Acute Effects of Caffeine on Repeated Sprint Performance and Energy Distribution

NCT07596511 · Status: COMPLETED · Phase: NA · Type: INTERVENTIONAL · Enrollment: 15

Last updated 2026-05-19

No results posted yet for this study

Summary

The goal of this study is to learn if low-dose caffeinated coffee improves repeated sprint performance and affects energy system contributions in combat sports athletes.

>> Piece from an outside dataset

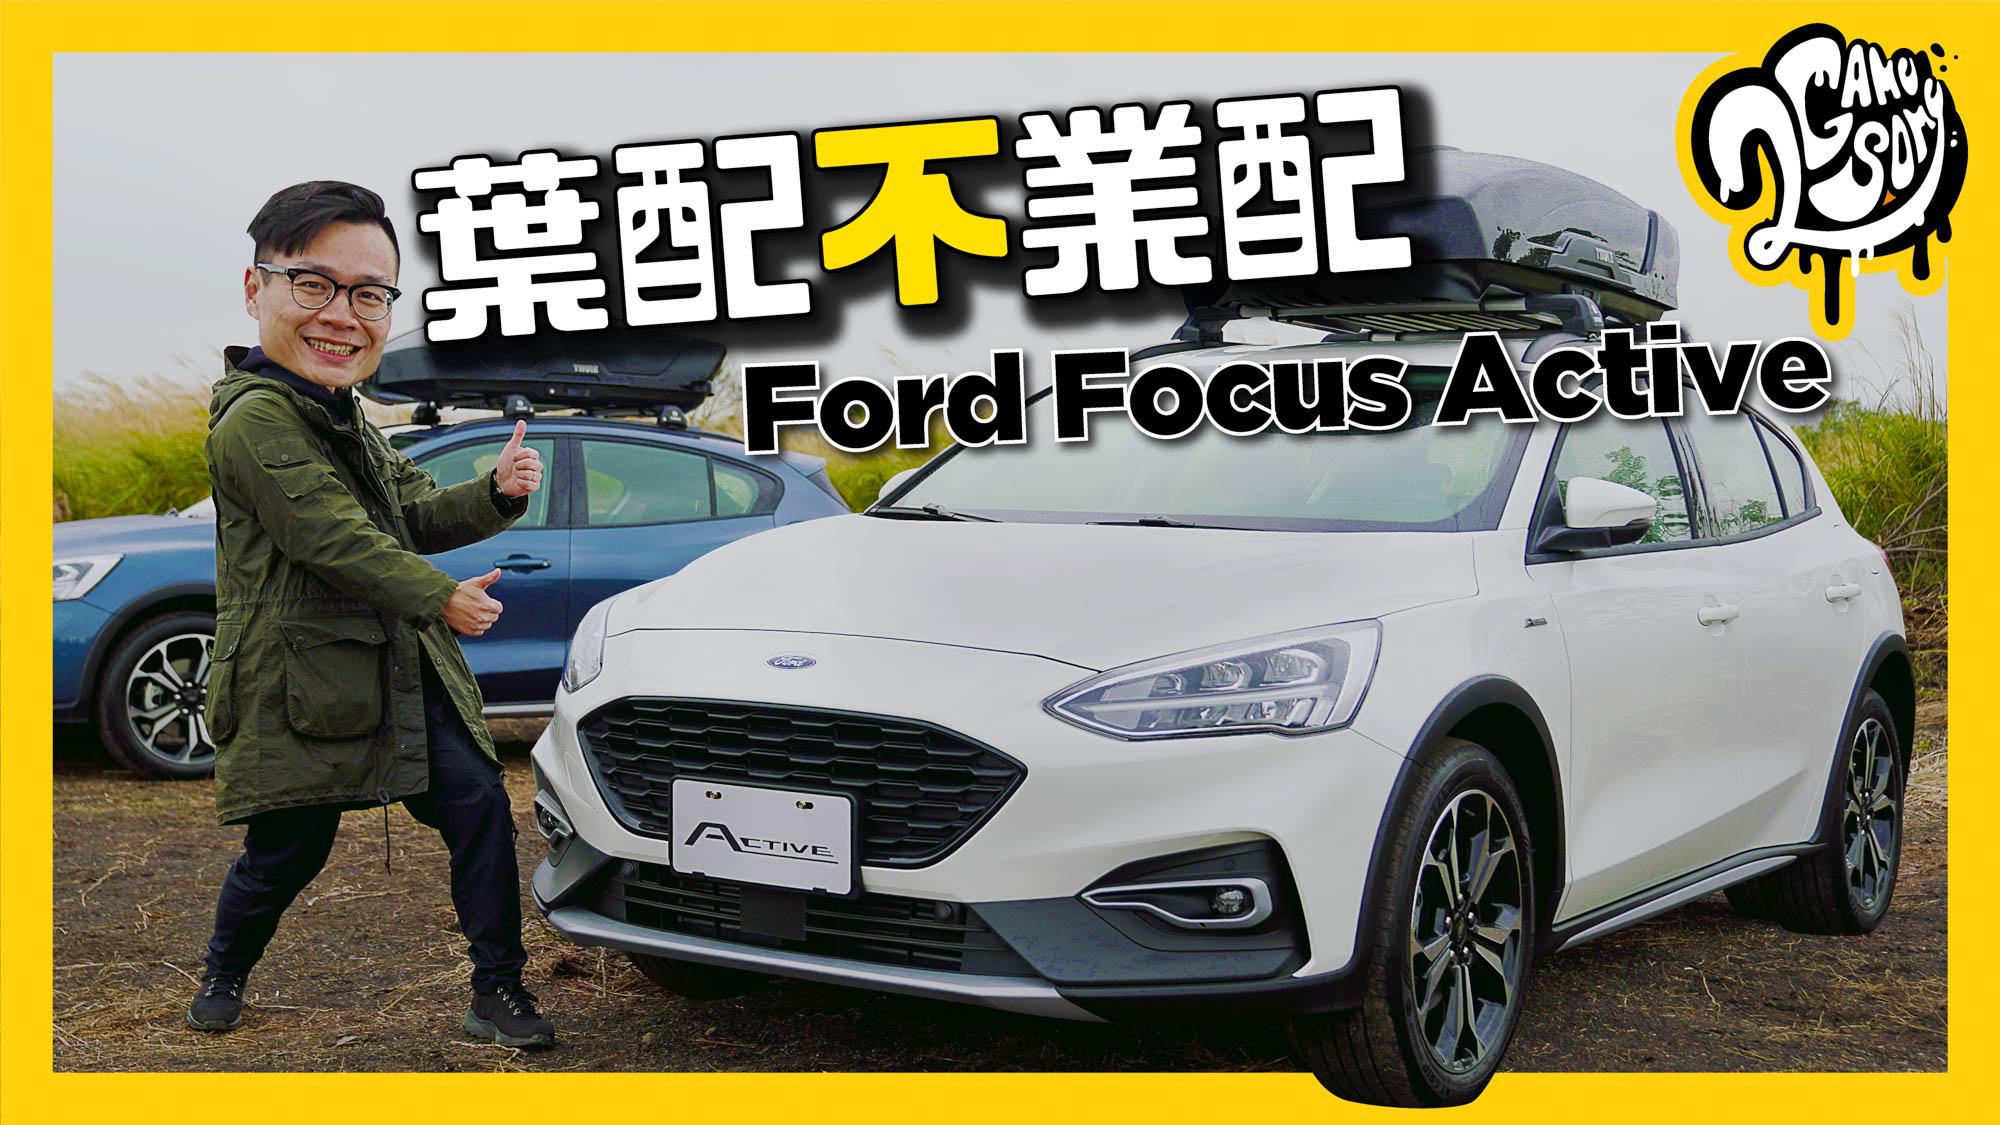 葉配不業配 - 每月好車激推 Ford Focus Active

The main questions it aims to answer are:

* Does low-dose caffeinated coffee (1.5 or 3 mg·kg-¹) improve peak power, mean power, and fatigue index during repeated sprint tests?
* What physiological responses (heart rate, blood lactate, perceived exertion, and energy system contributions) do participants have when consuming caffeinated coffee? Researchers compared caffeinated coffee at two doses (1.5 and 3 mg·kg-¹ body mass) to a placebo (decaffeinated coffee of identical taste and appearance) to see if low

Conditions

  • Healthy Adult Male

Interventions

OTHER

Cycling Repeated Sprint Test (6 × 10 s)

A standardized cycling-based repeated sprint protocol consisting of six 10-second maximal-effort sprints, each separated by a 30-second passive rest interval, performed on a mechanically braked cycle ergometer (Monark 894E, Vansbro, Sweden). Resistance was calibrated at 10% of the participant's individual body mass. The inertial momentum of the flywheel was excluded from power output calculations following the approach described by Bogdanis et al. (2008). Each session was preceded by a structured warm-up consisting of five 30-second bouts at 100 W, followed by a 5-minute seated rest before test commencement. Each participant initiated the protocol with their dominant leg to ensure procedural consistency across all sessions.

OTHER

Breath-by-Breath VO₂ Monitoring - COSMED K5

Continuous breath-by-breath oxygen uptake (VO₂) data were collected throughout each testing session using the COSMED K5 portable metabolic system (Rome, Italy). Data were used to estimate the relative and absolute contributions of the three metabolic energy pathways. The fast component of excess post-exercise oxygen consumption (EPOC) was extracted and modeled using a mono-exponential function (OriginPro 8.0, OriginLab Corp.) to estimate phosphocreatine (PCr) resynthesis during recovery intervals and following the final sprint. Oxidative metabolism contribution was derived by subtracting resting VO₂ from exercise VO₂. Total energy demand was expressed in both liters of O₂ and kilojoules (caloric equivalent: 20.92 kJ·L-¹ O₂).

OTHER

Capillary Blood Lactate Sampling (non-invasive)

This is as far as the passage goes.